In Northeastern Minnesota, where the majority of wolves are, landowners can only kill wolves
if they can demonstrate an immediate threat to pets or livestock. In the rest of the state, where
there is more agriculture and more people, the rules are more lenient. On their own property,
landowners can kill any wolf they feel is a danger, without having to prove anything to the state.


The Sierra Club is opposed to taking the wolf off the Endangered Species list, largely because
of Minnesota’s management plan. Ginny Yinling is the chair of the Wolf Task Force of the Sierra
Club in Minnesota.


“They’ve pretty much given carte blanche to landowners, or their agents, to kill wolves
pretty much at any time in the southern and western two thirds of the state; they don’t even
have to have an excuse, if a wolf’s on their property they can kill it. Instead of this being
what should have been a victory in terms of wolf recovery and the success of the Endangered
Species Act, instead we’re afraid it’s going to turn into something of a disaster.”

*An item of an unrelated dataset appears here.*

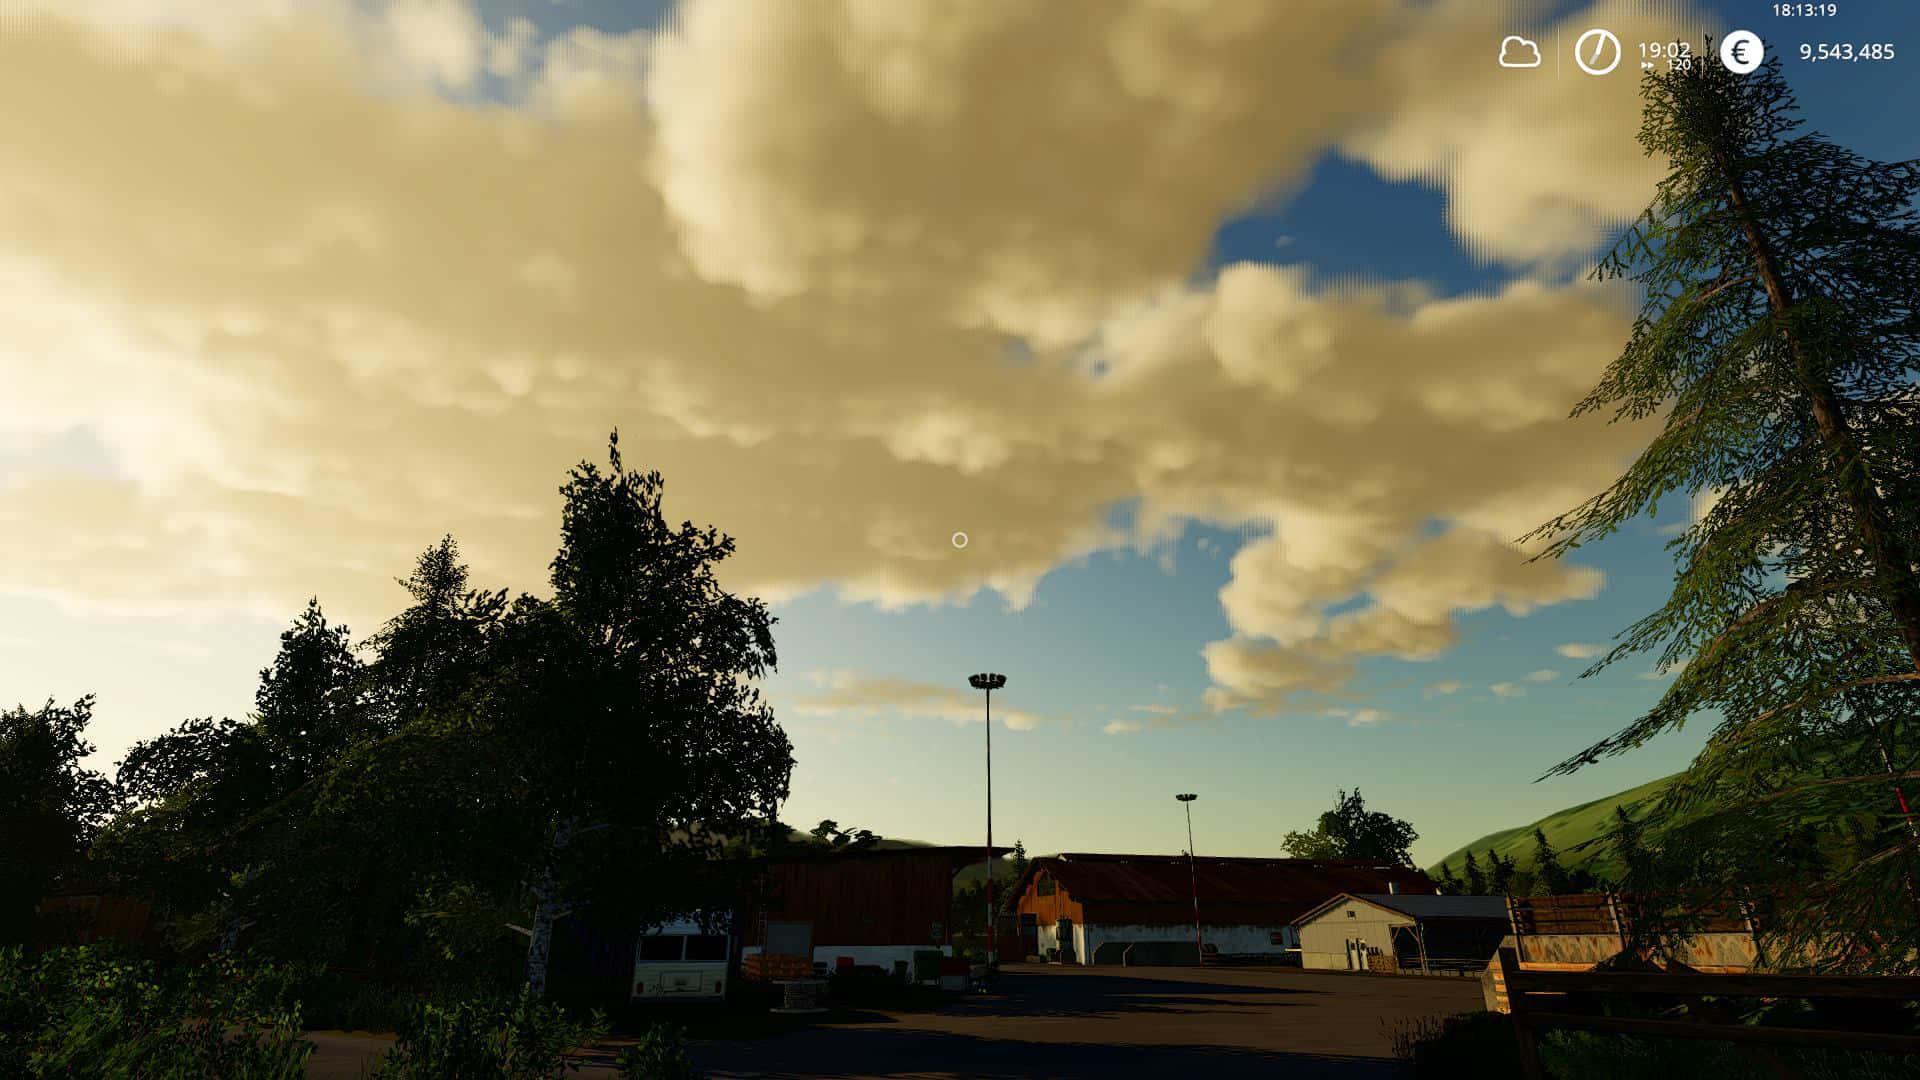 Sky v 1.0

Yinling is also concerned with the protection of wolf habitat, such as den sites, rendezvous
sites, and migration corridors.


“The current management plan protects none of those areas; it leaves it entirely up to the
discretion of the land managers.”


But wildlife managers say these are not critical for a large wolf population
like Minnesota’s. Mike DonCarlos is the wildlife program manager for the Minnesota
Department of Natural Resources.


“As you look at the range of species that are threatened by habitat change, ironically the wolf
in Minnesota is not one of them. As long as there’s a prey base that continues, wolves should
do just fine. The key is mortality rates and availability of food.”


In Wisconsin and Michigan, where there are fewer wolves, state laws will continue to protect
wolf habitat. Peggy Callahan says she has faith that the wolves will be fine, even if the
Minnesota state plan is not perfect. But at the Sierra Club, Ginny Yinling says they have
plans to challenge wolf delisting in court.


For the Great Lakes Radio Consortium, I’m Katherine Glover.